# Parti Poodles in show



## MAHDI (Jan 10, 2020)

Can anyone please tell me which countries allow Parti poodles on the mains register for show?


----------



## Johanna (Jun 21, 2017)

The poodle breed standard in every country that I have ever checked all state that poodles must be a solid color.


----------



## MAHDI (Jan 10, 2020)

Johanna said:


> The poodle breed standard in every country that I have ever checked all state that poodles must be a solid color.





Johanna said:


> The poodle breed standard in every country that I have ever checked all state that poodles must be a solid color.

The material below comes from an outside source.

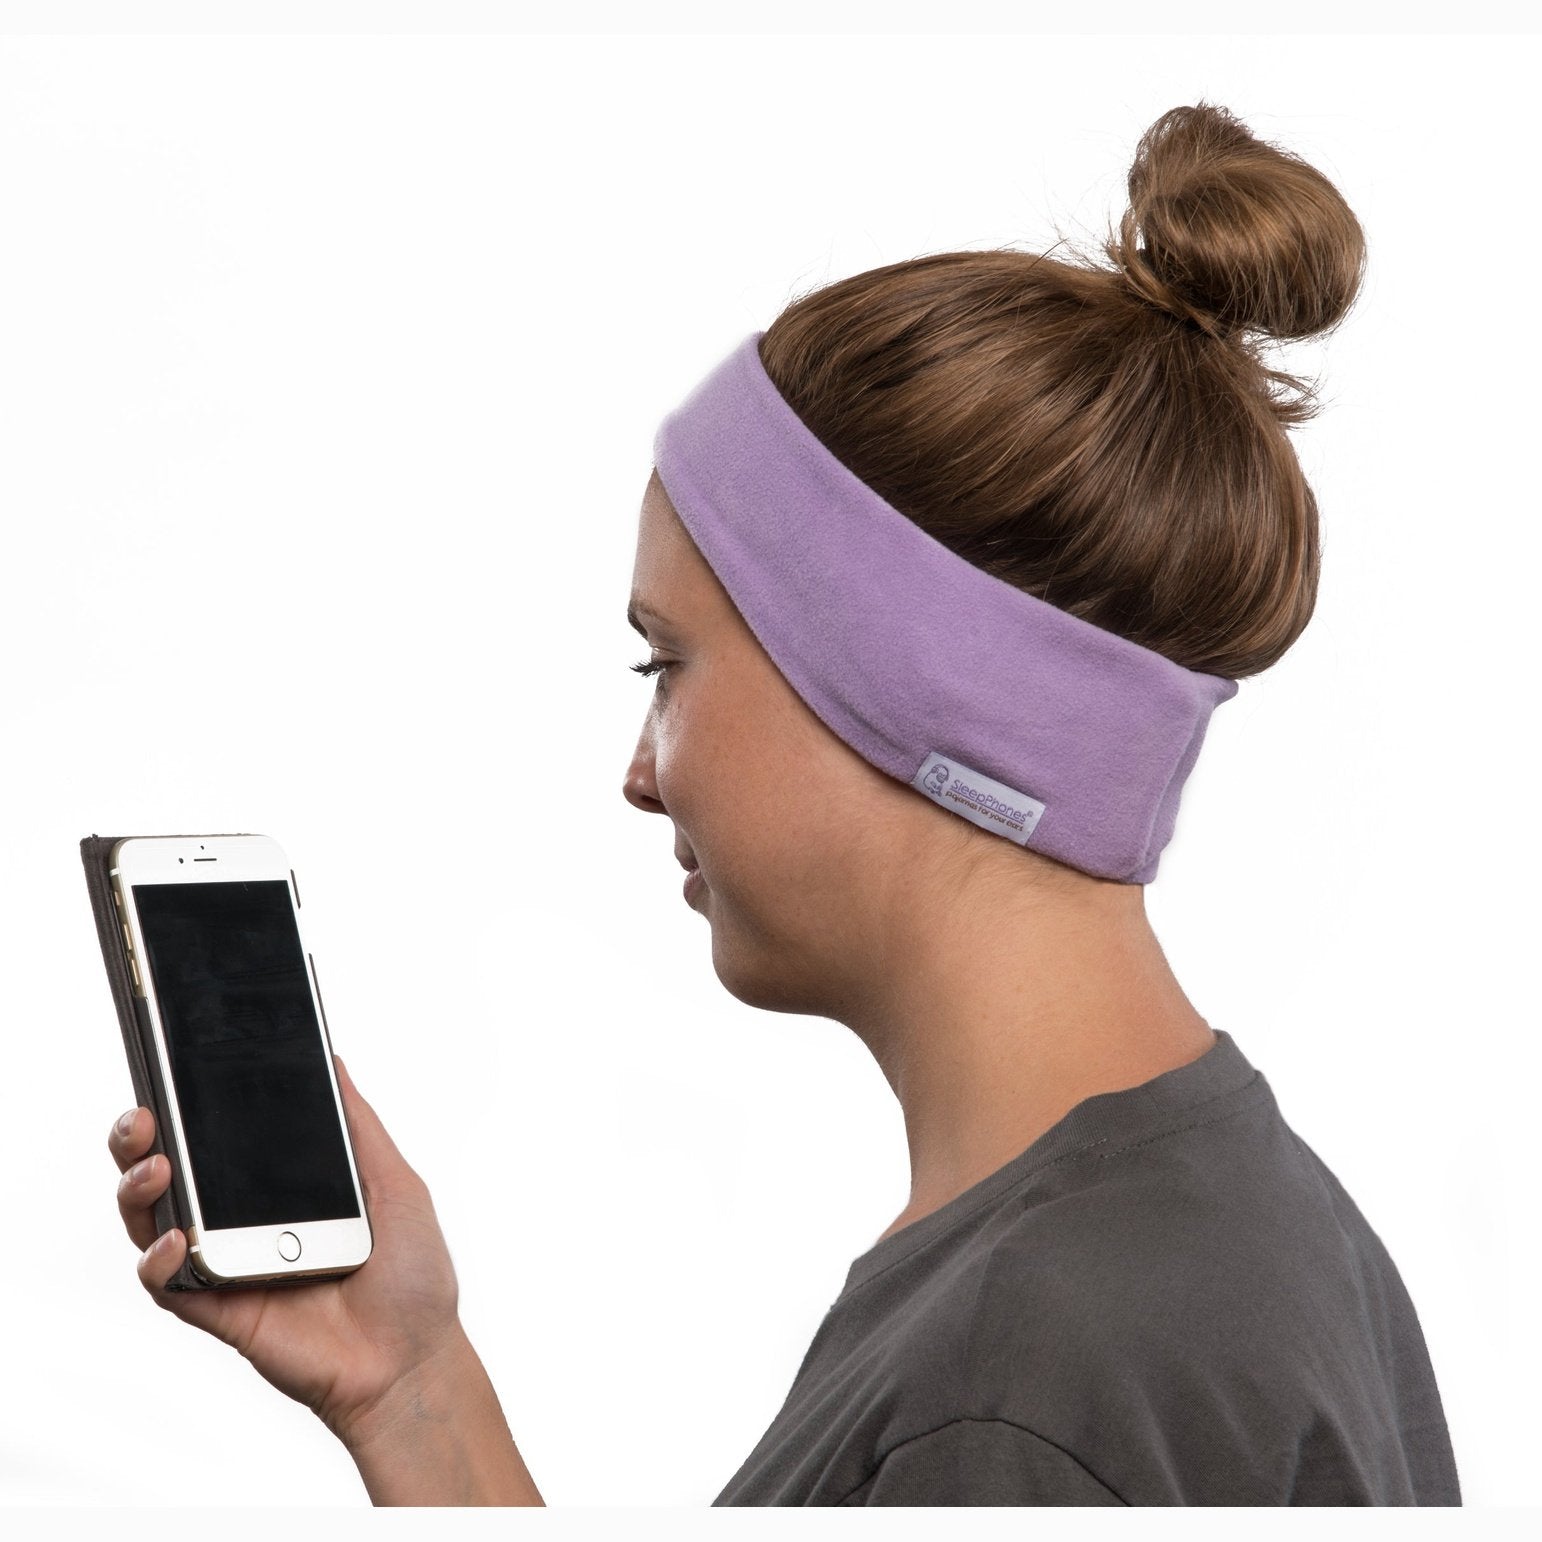 SleepPhones® Effortless v6 Fleece Quiet Lavender Bluetooth-hoofdtelefoon met Draadloos QI Opladen - Small

I found an English club (not Kruft's) that had Parti Poodles on their mains register and had set a standard for showing..but I don't remember its name and there are couple of other clubs that have accepted Parti's on mains for show in Europe, I am searching for them now..


----------



## fjm (Jun 4, 2010)

Championship conformation shows in the UK follow the Kennel Club breed standards - and therefore only rate solid poodle colours. That does not mean that the Kennel Club does not register Partis - they do, but Partis will quickly be disqualified from the ring if show in conformation. There is a Parti Poodle Club that I believe has shows, but if so it is under their own rules: The Parti Poodle Club – For Parti & Phantom Poodle Enthusiasts


----------



## cowpony (Dec 30, 2009)

The US has two serious kennel clubs: AKC and UKC. AKC is the more dominant; it is the one which is aligned with foreign clubs, like FCI, for cross registration purposes. AKC allows partis to be registered but considers spotting a disqualifying fault in conformation. UKC, however, allows partis to be shown in separate conformation classes.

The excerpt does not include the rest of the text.